У Лермонта шевельнулись волосы на затылке.
— Чему быть, того не миновать, — тихо проронил он, пытаясь отогнать леденящую сердце жуть. А все-таки… где-то читал он в ученой книжке о fades Hyppocraticos — «лице смерти».
Его отец, капитан Лермонт, не верил во всякую чертовщину, а он, ротмистр Лермонт, и подавно не верит. К дьяволу твои пророчества, Дуглас!
Старый ведун-чернокнижник молча отступил во мрак, исчез.
По лагерю меж костров размашисто шагал с есаулами воевода Шеин. Высокая соболья шапка, полы собольей шубы, отороченной жемчугом, бьют по сафьянным сапогам, бряцает оружие. На груди вспыхивает золотом большой крест.
— А, ротмистр Лермонт! — прогудел он. Ротмистр поднялся, отряхивая пальцы от клейкой рыбьей чешуи, дожевывая жареного судака.
— Не хотите ли, милорд, рыбки откушать?
— Спасибо! Рыбки не хочу, — отвечал Шеин, вельми преславный воевода, — а желаю я, Егорий Андреевич, по древнему нашему русскому обычаю побрататься с тобой перед смертным боем. — Он перекрестился и обнял Лермонта. — Двадцать лет я тебя знаю. Был я у тебя заместо крестного отца под крепостью Белой, до коей отсюда рукой подать. Видать, сам Бог свел нас на ратном поле. Двадцать лет ты честно служил Руси великой, был верен присяге, а завтра утром твоей коннице снова предстоит жаркий бой. От твоих рейтаров зависит изначальный успех приступа… Верю — ты возьмешь город на саблю! Теперь, ротмистр Лермонт, ты мой названый брат… Знаю, знаю я тебе цену — за двадцать лет не научился ты, живя среди волков, по-волчьи выть, так и не мог перемочь свою прямоту, не покривил душой. Ступай за мной, брат, мы обойдем лагерь…

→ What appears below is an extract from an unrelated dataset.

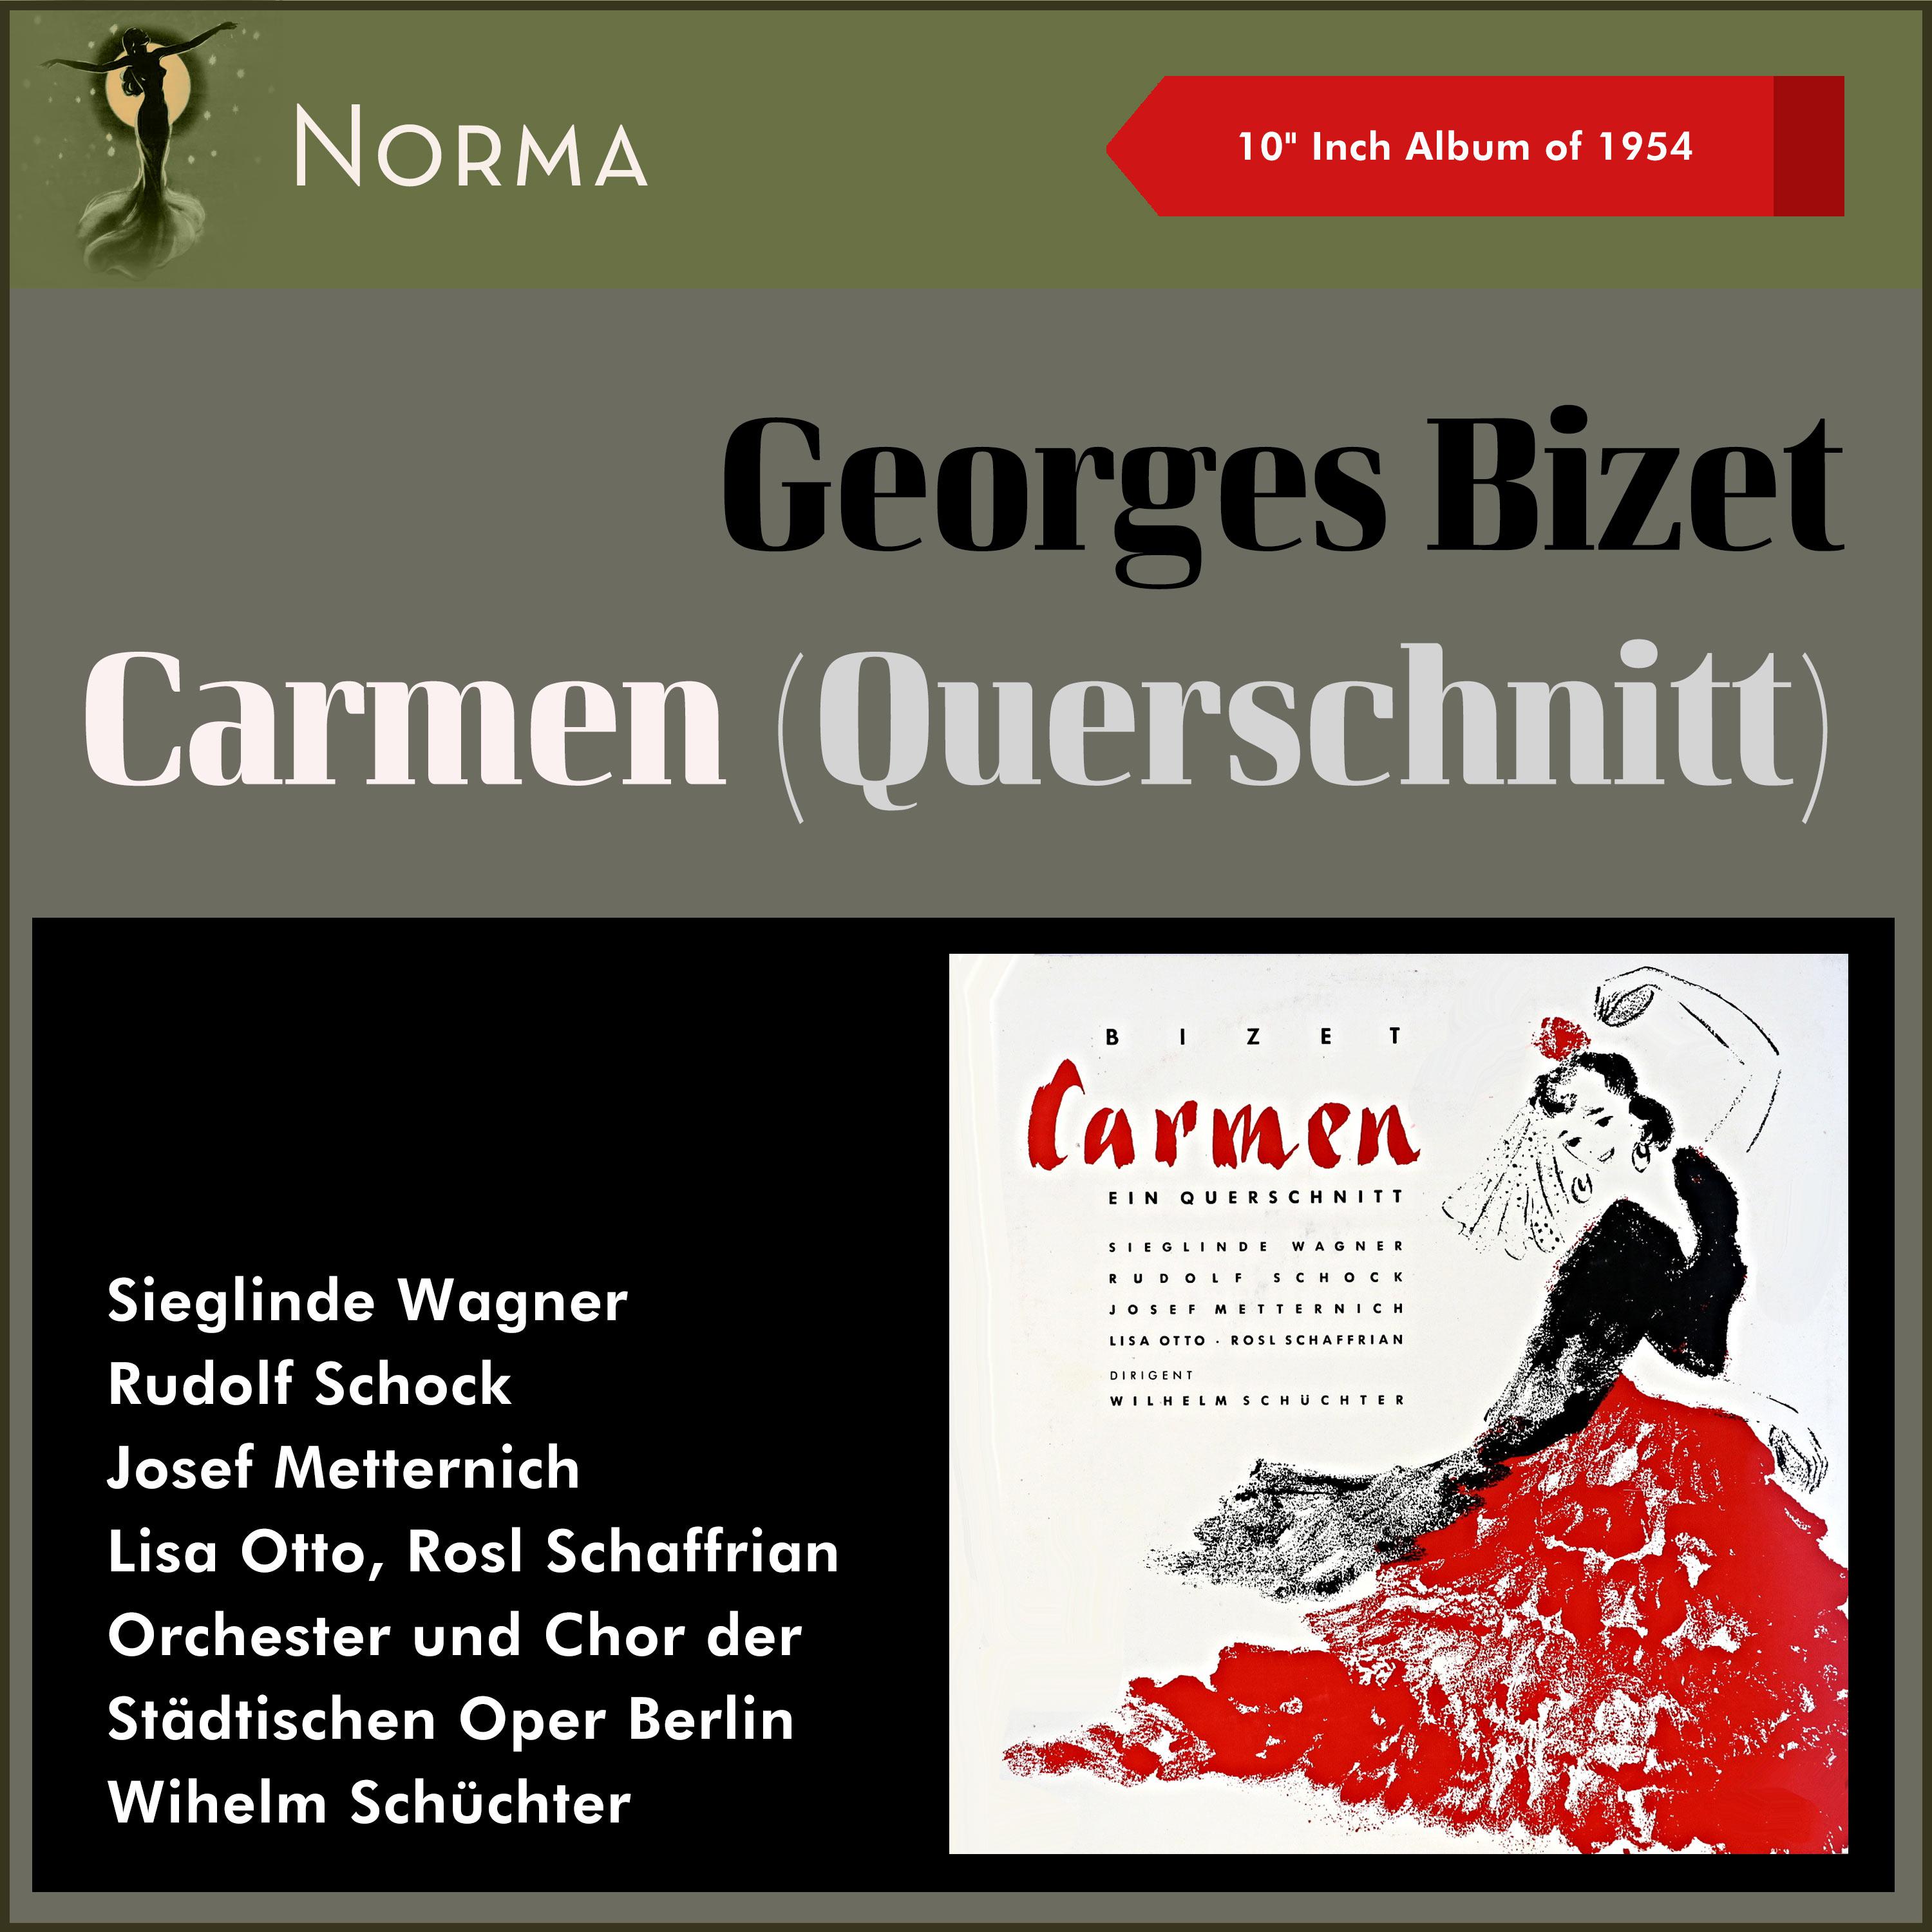 Josef Metternich - Bizet: Carmen, Torerolied - Euren Toast kann ich wohl erwidern
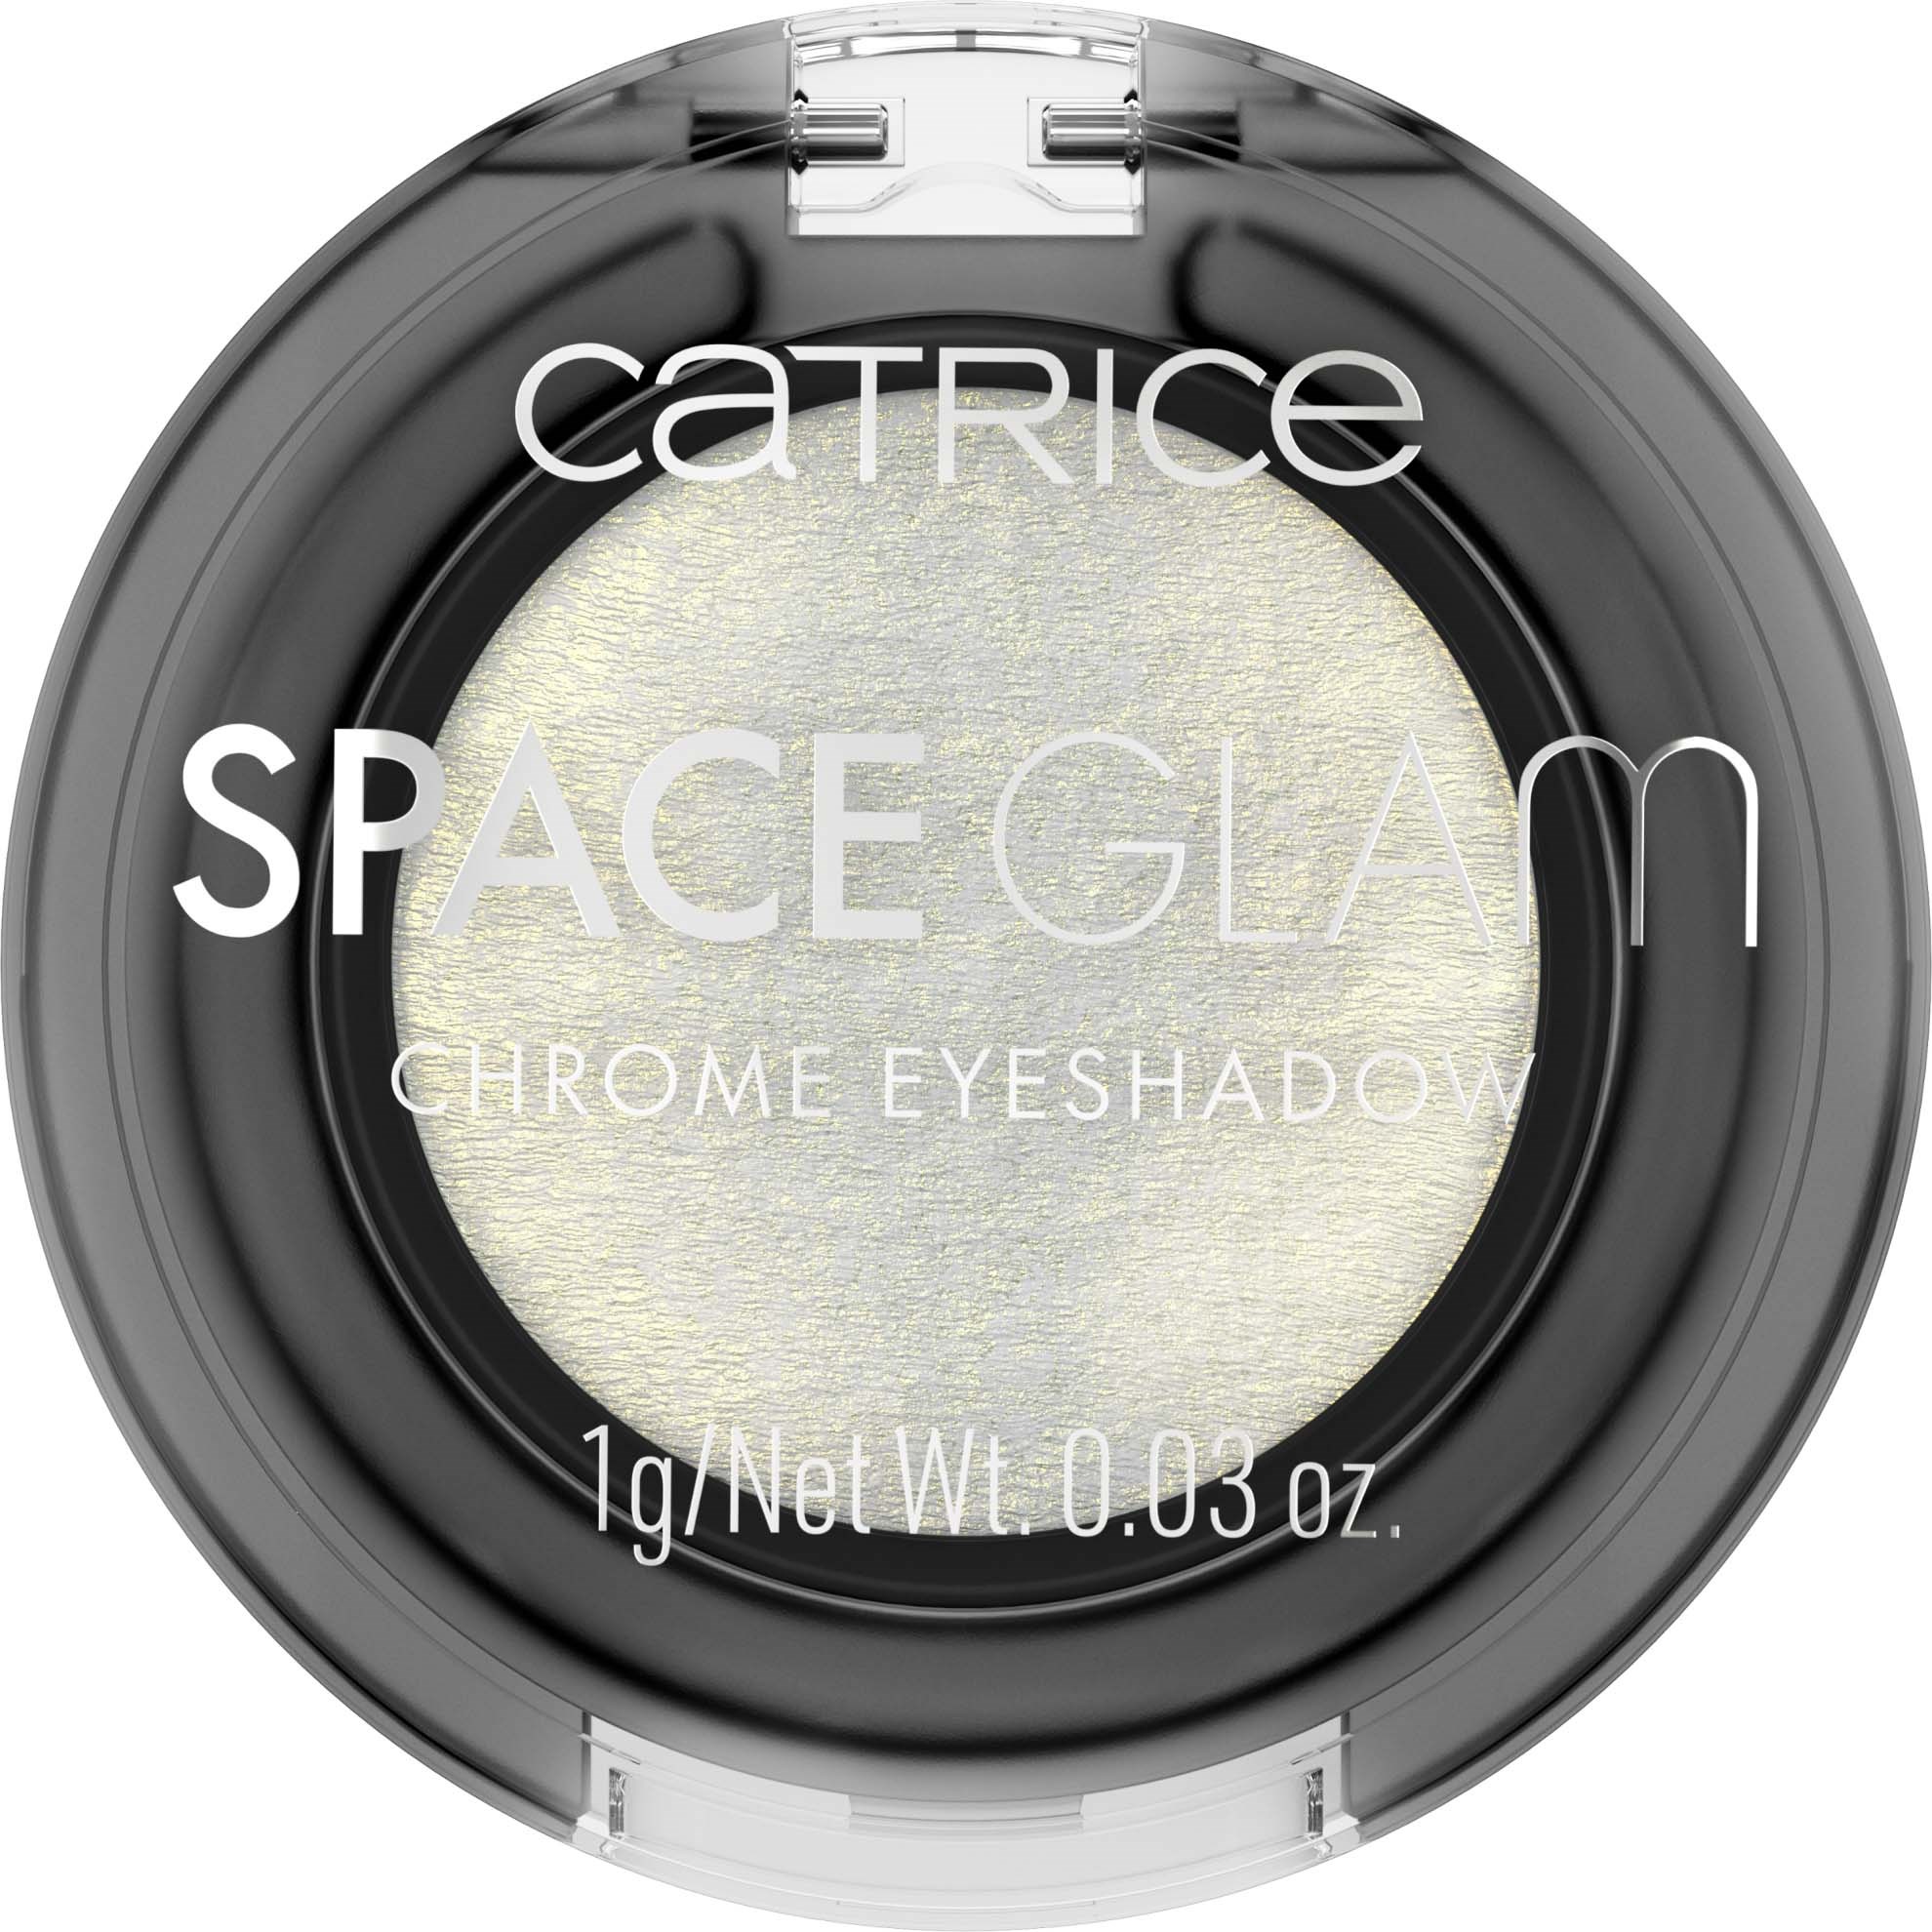 Bilde av Catrice Space Glam Chrome Eyeshadow 010 Moonlight Glow

Отойдя от почтительно взиравших на него рейтаров, повернулся к Лермонту и негромко сказал ротмистру:
— Сдюжишь завтра, достанем Смоленск — быть тебе, брат, полковником Московского рейтарского. А пока принимай полк временно — многоболезненного Роппа я отправил в Москву. Совсем развалился старик, одряхлел. Сам, кстати, на тебя показал как на замену себе. Смоленская крепость — зело жесткий орех, не по зубам ему. На тебя вся надежда. Только вот что: Святейший велел тебе передать, чтобы бросил ты челобитные писать — не мешайся, брат, в государевы дела. И мой тебе совет: каждый сверчок знай свой шесток!
Шеин порывисто обнял ротмистра правой рукой, крепко стиснув плечо:
— Спасибо тебе, сын мой, за то, что подавил ты смуту в шквадронах. Иначе из-за предательства Черкасов совсем туго пришлось бы мне, хоть, к черту, осаду снимай!..
Воевода имел в виду прежде всего опасное брожение в рейтарском полку: получив приказ о новом решительном приступе на смоленскую крепость, рейтары заявили, что подчинятся приказу, только если им выплатят полугодовое жалованье, задержанное Трубецким в Москве. Наемники по опыту знали, что подобное требование всего лучше предъявлять в канун наступления. Но у Шеина денег не было, — он давно раздал все свои собственные деньги, надеясь возместить их, когда наконец раскошелится московский приказ. Лермонт, негодуя на своих рейтаров и сгорая от стыда за них, пожертвовал им все, что оставалось у него из трофеев, и тем спас положение — рейтары ворча согласились пойти на приступ. Черкасами же главный воевода называл малороссийских дворян, под покровом ночи сбежавших со своими полками из стана по той причине, что на их поместья напали крымцы, подговоренные ляхами, и эти поместья надо было, по их мнению, защищать в первую голову!